By, perhaps stupidly, saying yes to almost every opportunity that came my way after wrapping up the course I produced this short piece of animation for Kernow Rollers, the local roller derby league. It was to act as part of a larger instructional video, which I've also embedded below.


It was all slightly more rushed than I would have liked, I thought it was even going to render in time for the skate event at one point, but then I realised I'd turned unified sampling and motion blur on when I didn't need either. I went all out with the shaders in this one, spending a good deal of time texturing the floor and using specular and bump maps to get that glossy gym floor look as good as I could.

Kernow Rollers introduce Roller Derby from Kernow Rollers on Vimeo.

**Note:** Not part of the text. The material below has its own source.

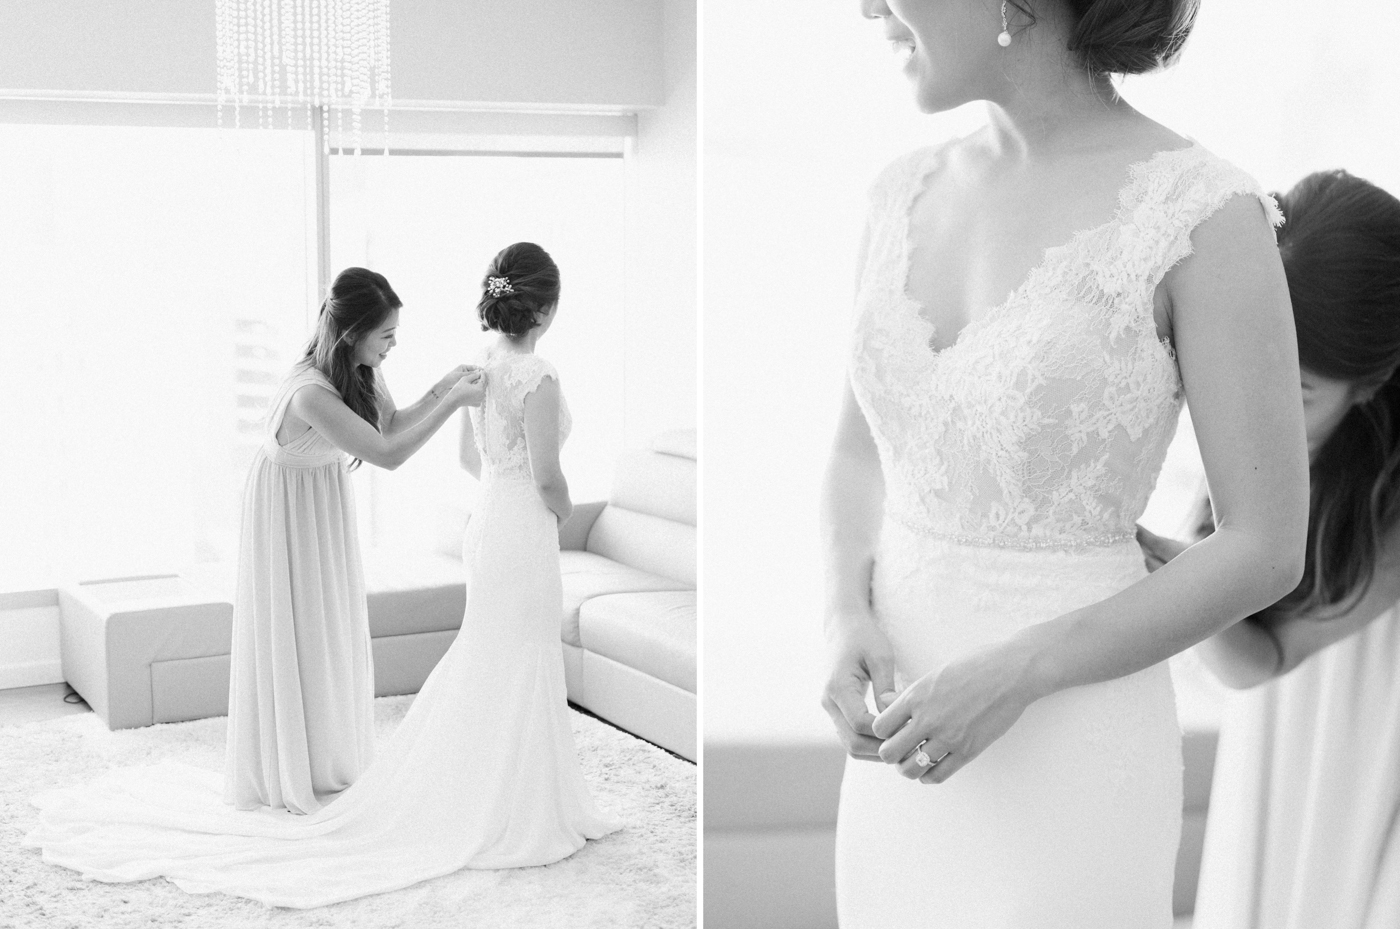 Modern_Wedding_HNYPT_Honeypot_LA_Photographer_Los_Angeles-2.jpg
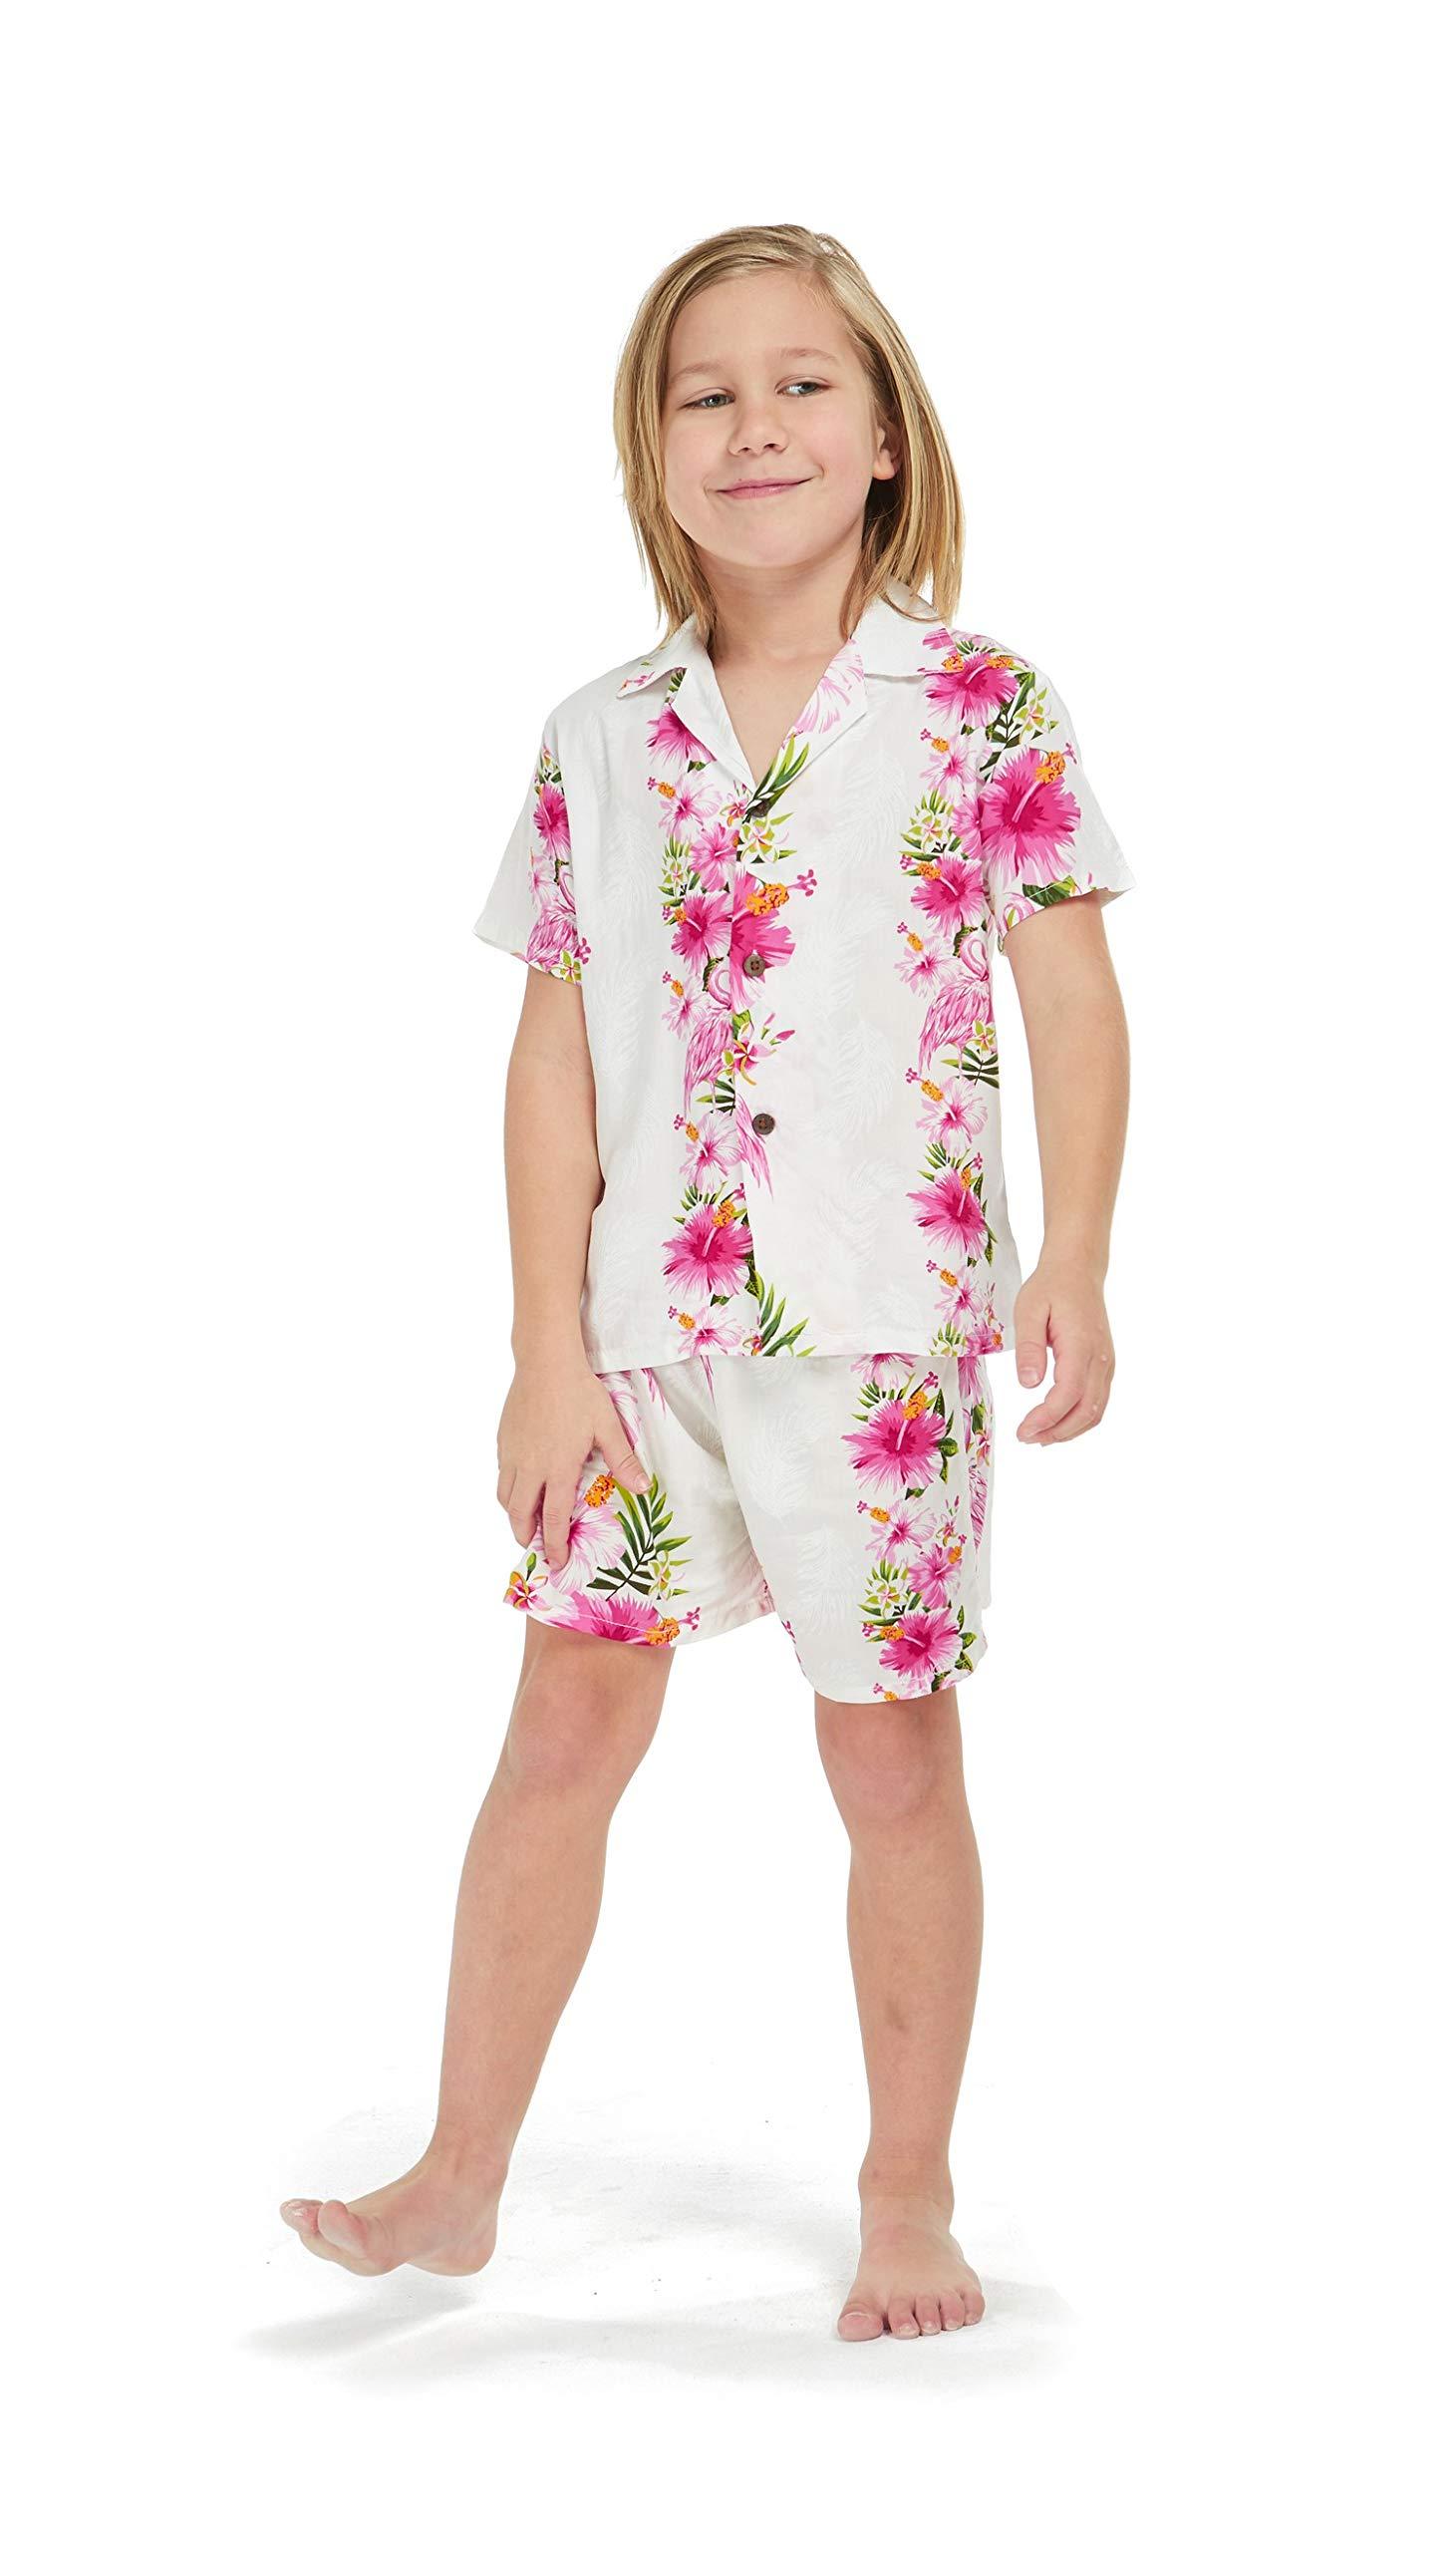 Hawaii Hangover Boy Young Adult Aloha Luau Shirt in Pink Hibiscus Vine 10 Year Old by Hawaii Hangover (Image #1)

I also used a great tutorial that Jake showed me on creating satin, or velvet cloth effects using the mia_material in Maya. Using a colour ramp in the reflection colour you can get a great iridescent effect which I used on the balls and stars that feature in the animation. I wish I'd had more time to add some props to the set, and add more than the 2 lights I used. Perhaps next time.
This was a great project to try some things I'd been meaning to use for a while but still hadn't got round to learning. This one Joe showed me, and its a way in photoshop to paint along a curve you've made using the pen tool using the selected brush. So effectively you can tweak a vector, and then apply a nice looking stroke to it. I used this to get the track shape, and then paint evenly around it.
The layered shader in Maya is a great tool, but isn't compatible with the mia_material. So I found a cunning tutorial that basically embeds the final result of the shader inside a surface shader, which IS compatible with the layered shader. I was planning on using it to put the Pivot player's stripe onto specific balls, but in the end it was easier just to make a bespoke texture, than wrestle with a headache of nodes.
I kind of cheaped out on the animation by using motion paths, curves drawn in 3D space which objects can then follow, with some tweaks to timing it worked reasonable well, and then are even some fancy settings for banking into each curve's turn. Only the jammers are hand animated.
For the motion blur I broke out my friend the mental ray production shader "mip_motionblur" who creates vector based motion blur on each image after rendering, this way I can have fast motion blur without using compositing software I don't own. Though it does unfortunately mean that its baked into the image and therefore non-editable.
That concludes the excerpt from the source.